Подскажите пожалуйста, в чем может быть проблема, среди точек там есть тенетовская - она без ключа и т.д. но при попытке соеденения даже с ней: результат тот же.

И еще хотелось бы добиться:

+ Включение\Выключения коннекта по горячей кнопке (Fn+Wifi {F2})

+ Работа в режиме точки (Тут я вообще не знаю с чего начать)

----------

## ONEEYEMAN

Privet,

Na samom dele ja ssylalsja na etu ssylku.

Kak chitaetsja driver: pri zagruzke ili ruchkami? Esli pri zagruzke poprobuj otkluchit i chitaj ruchkami v konsoli.

Dalee ja delaju tak:

1. ifconfig eth1 up

2. iwlist eth1 scan

3. iwconfig eth1 essid <"ESSID"> (kavychki nugny).

4. dhcpcd eth1 -d

Eto pri uslovii chto stoit "wireless-tools". I ja ne polzujus zakrytymi tochkami dostupa...

Esche ubedis chto tvoja kartochka poddergivaetsja dannoj versiej jadra.
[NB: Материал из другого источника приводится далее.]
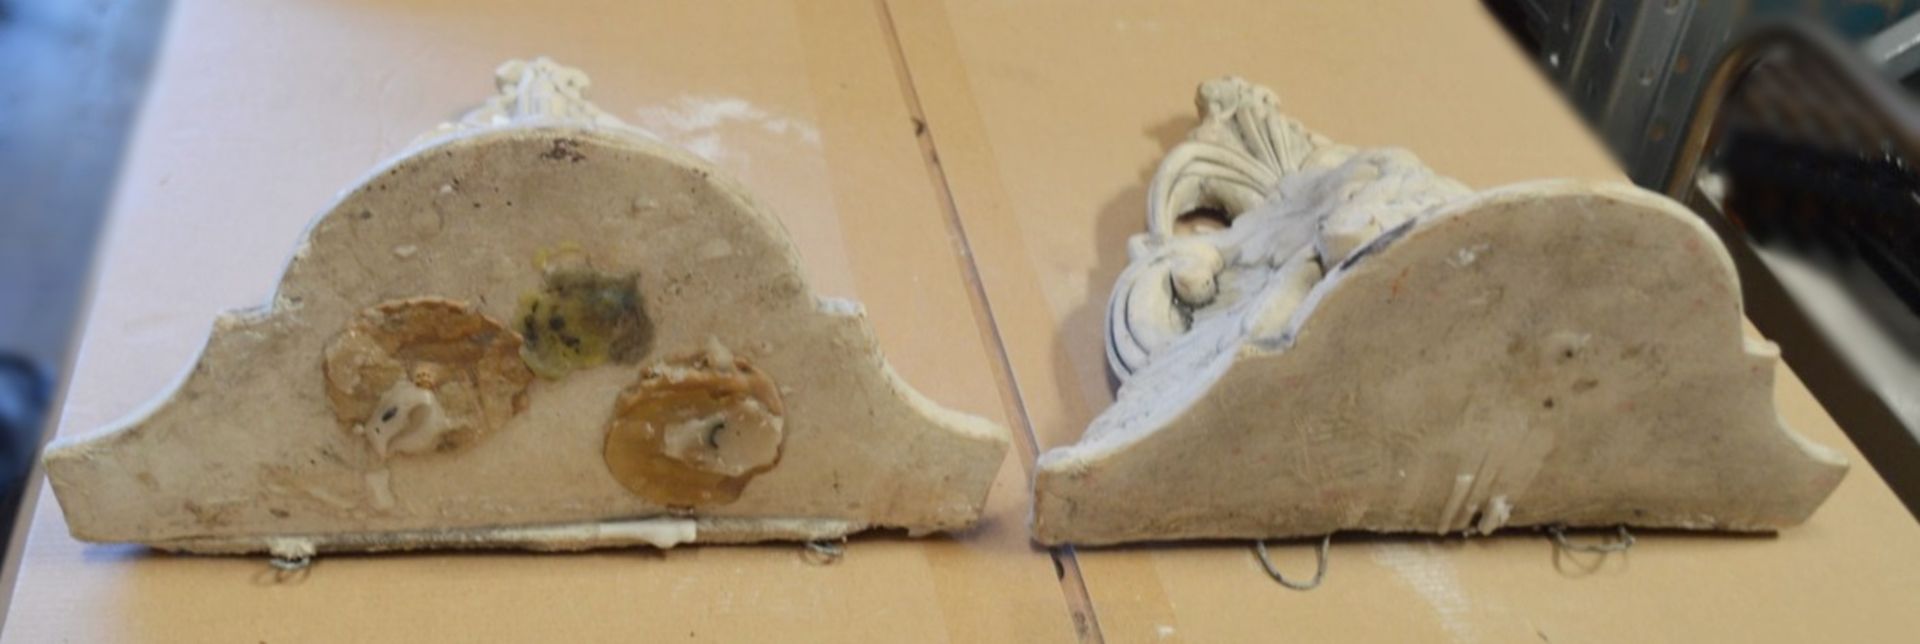 A Pair Of Ornamental Plaster Gargoyles / Garden Plaques - Dimensions: W30 x H32 x D16cm - Used, In - Image 4 of 5

Sudja po otzyvu "dmesg" eto odna iz prichin...

Chtoby proverit, zapostaj vyvod "lspci" v spisok rassylki dlja "wireless-dev", ili poischi vetku v anglijskom forume po povodu tvoej kartochki, i zapostaj tuda etu infu.

Sudja po vsemu kartochka ne poddergivaetsja libo kakoj to iz ee parametrov (radio, PHY).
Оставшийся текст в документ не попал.